> **What this task involves**: The answer is the data repeated in full, with no pictures included.

> **Material provided**:
• • • • •

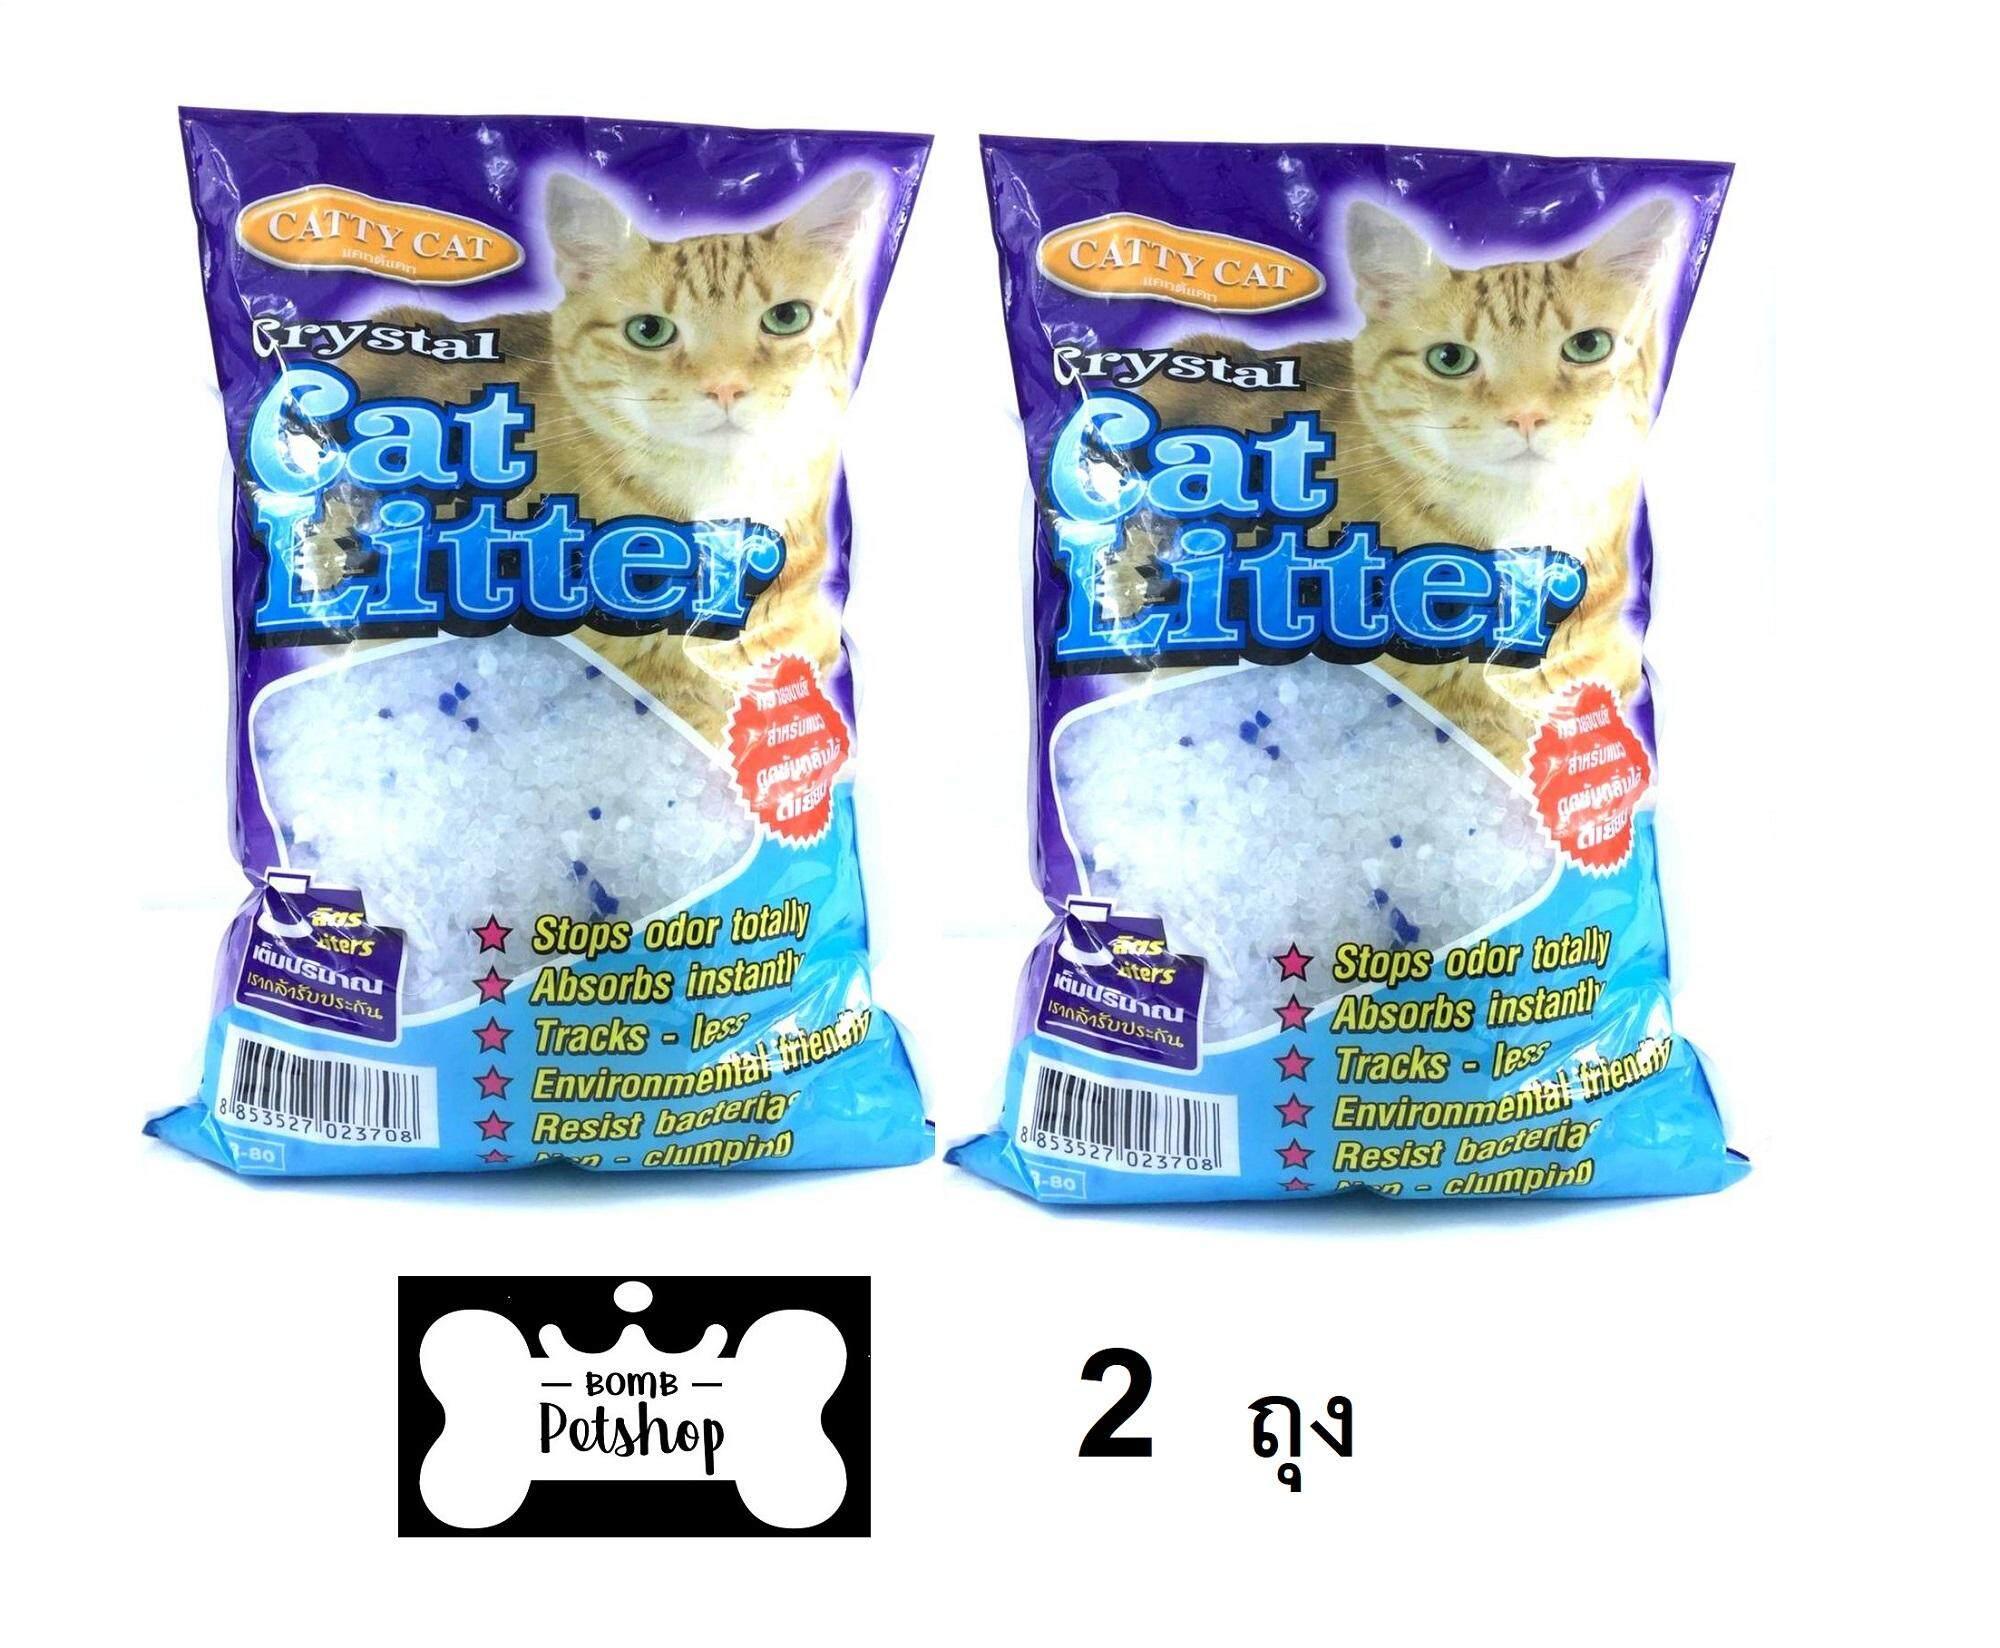 Cattycat Crystal Cat Litter ทรายอนามัยชนิดคริสตัลผสมเม็ดบีทสีฟ้า  5L ( 2 units )
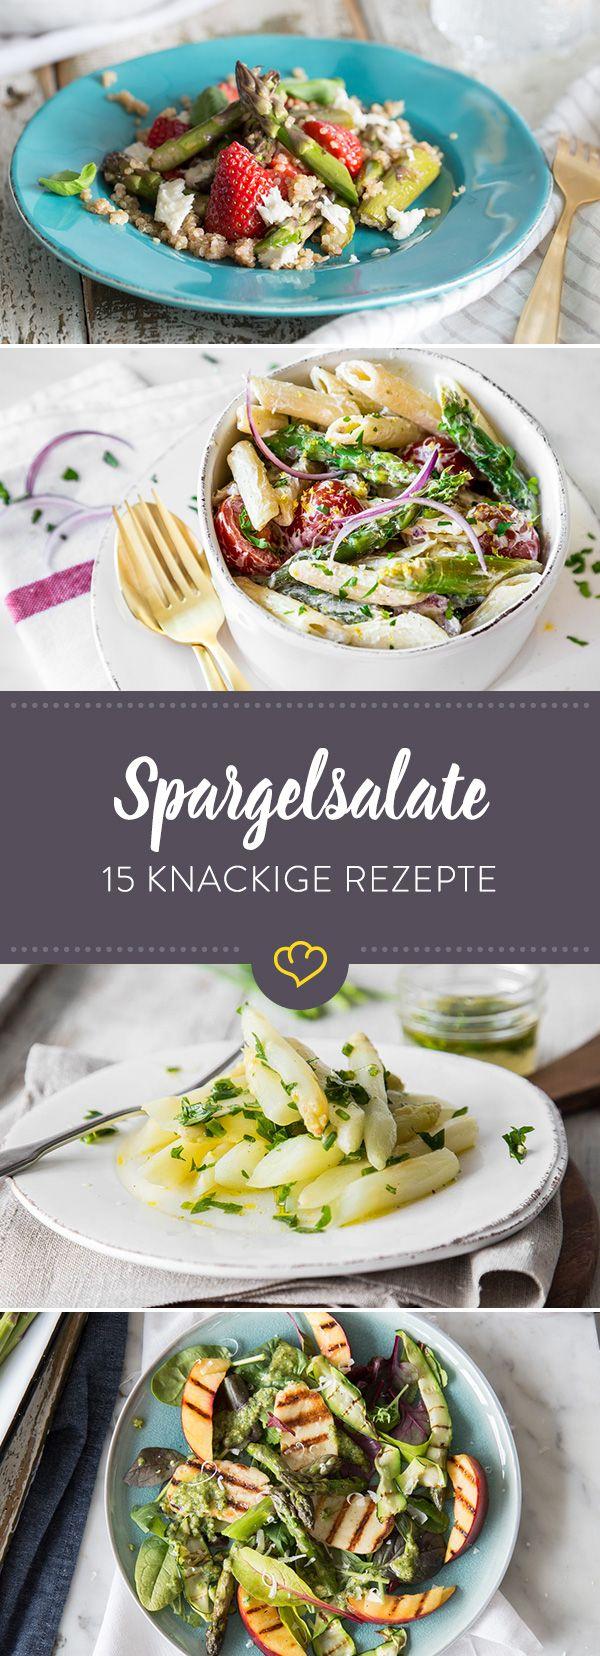 Ran an die Stangen: 15 knackige Spargelsalate für den Frühling
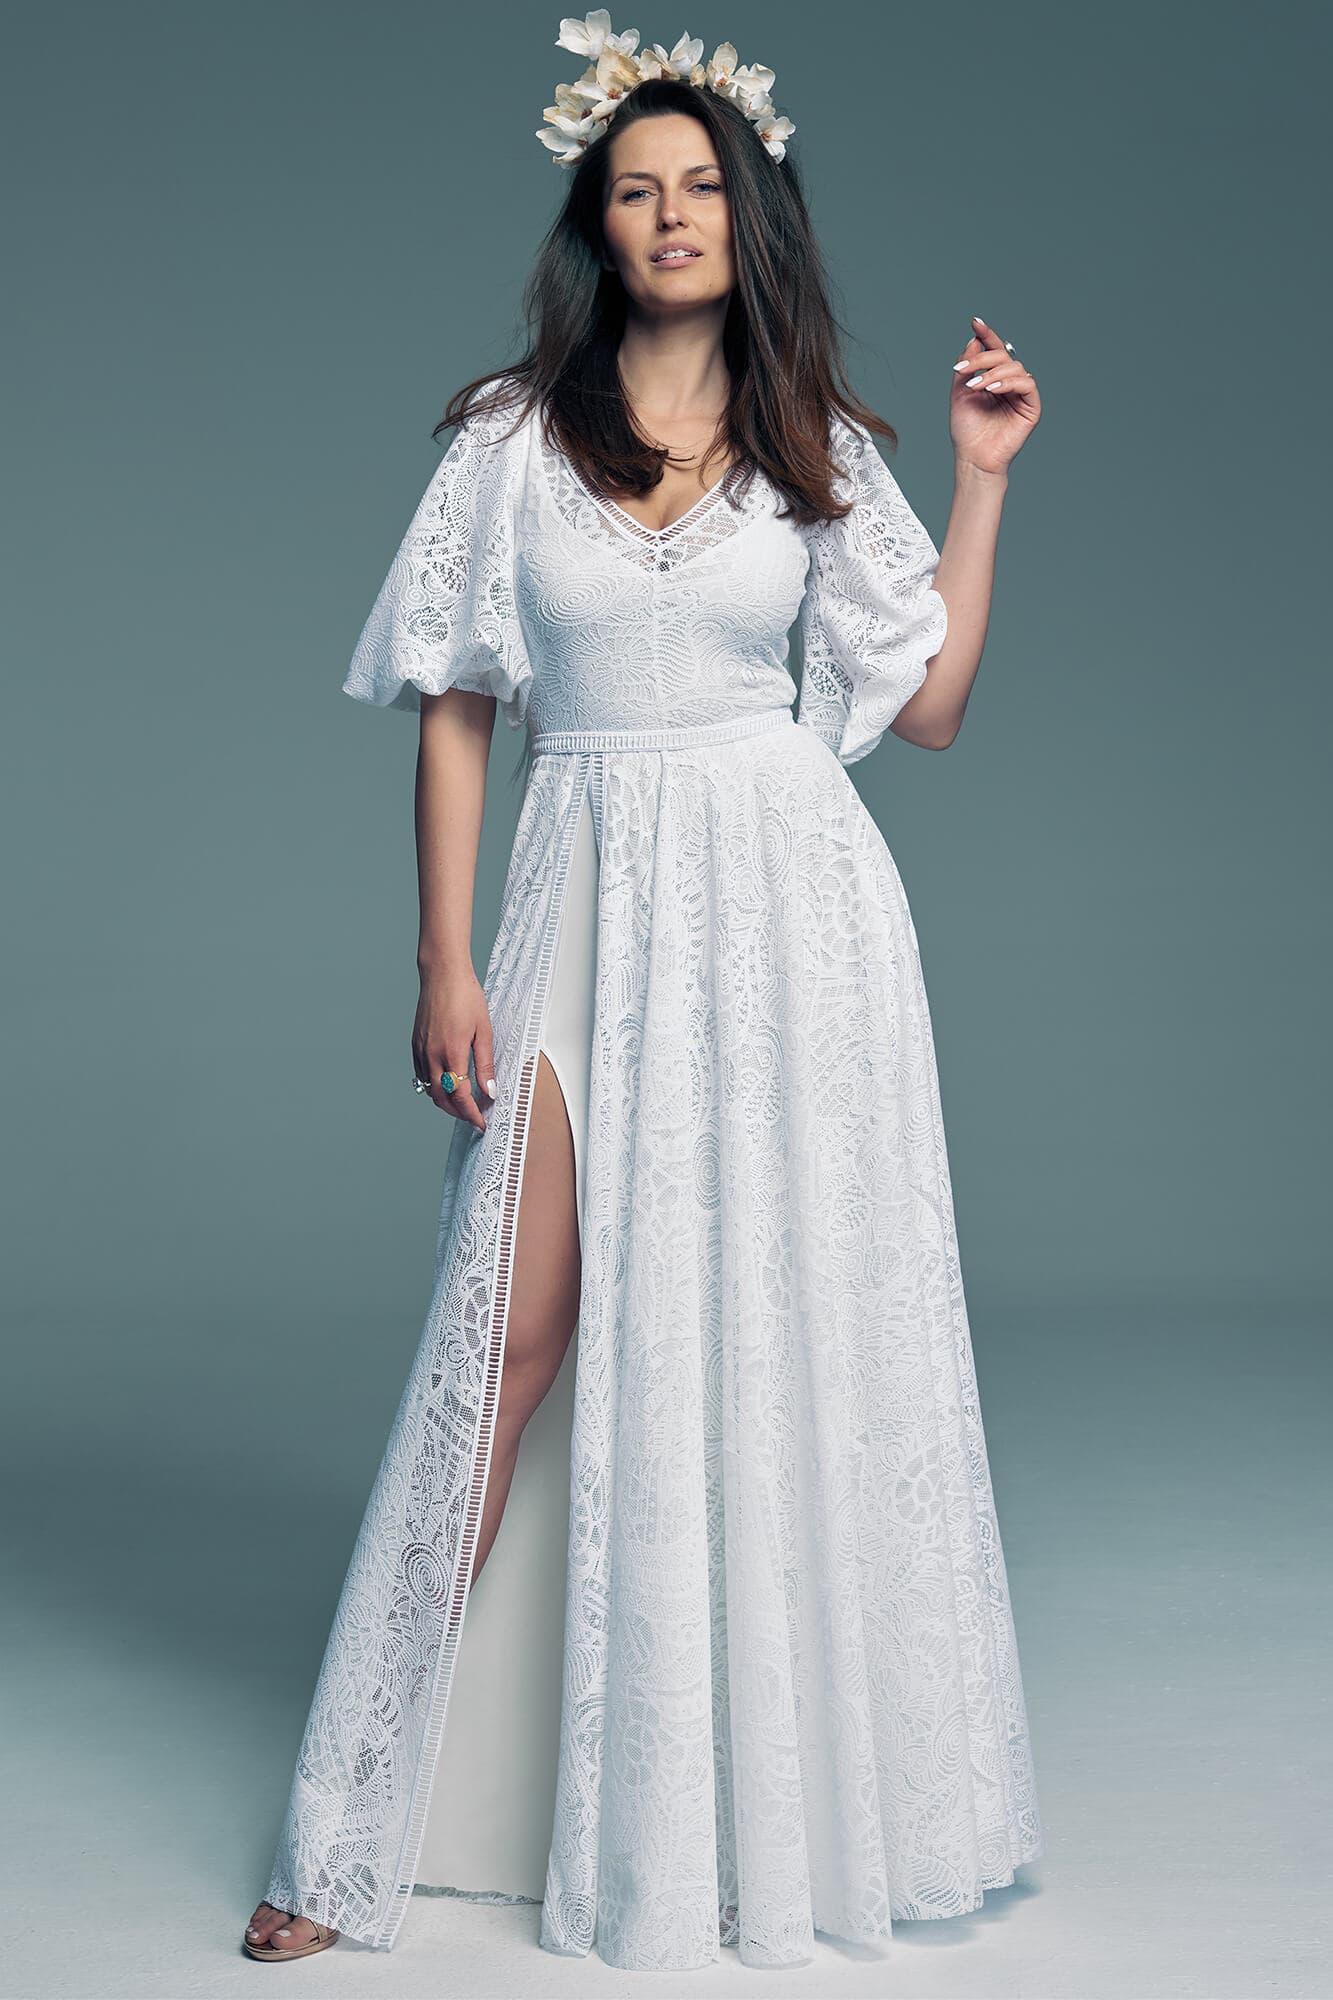 Piękna suknia ślubna z rękawami i seksownym rozporkiem Santorini 9

• • • • •

> **Solution to the problem**:
 Cattycat Crystal Cat Litter ทรายอนามัยชนิดคริสตัลผสมเม็ดบีทสีฟ้า  5L ( 2 units )
 Ran an die Stangen: 15 knackige Spargelsalate für den Frühling
 Piękna suknia ślubna z rękawami i seksownym rozporkiem Santorini 9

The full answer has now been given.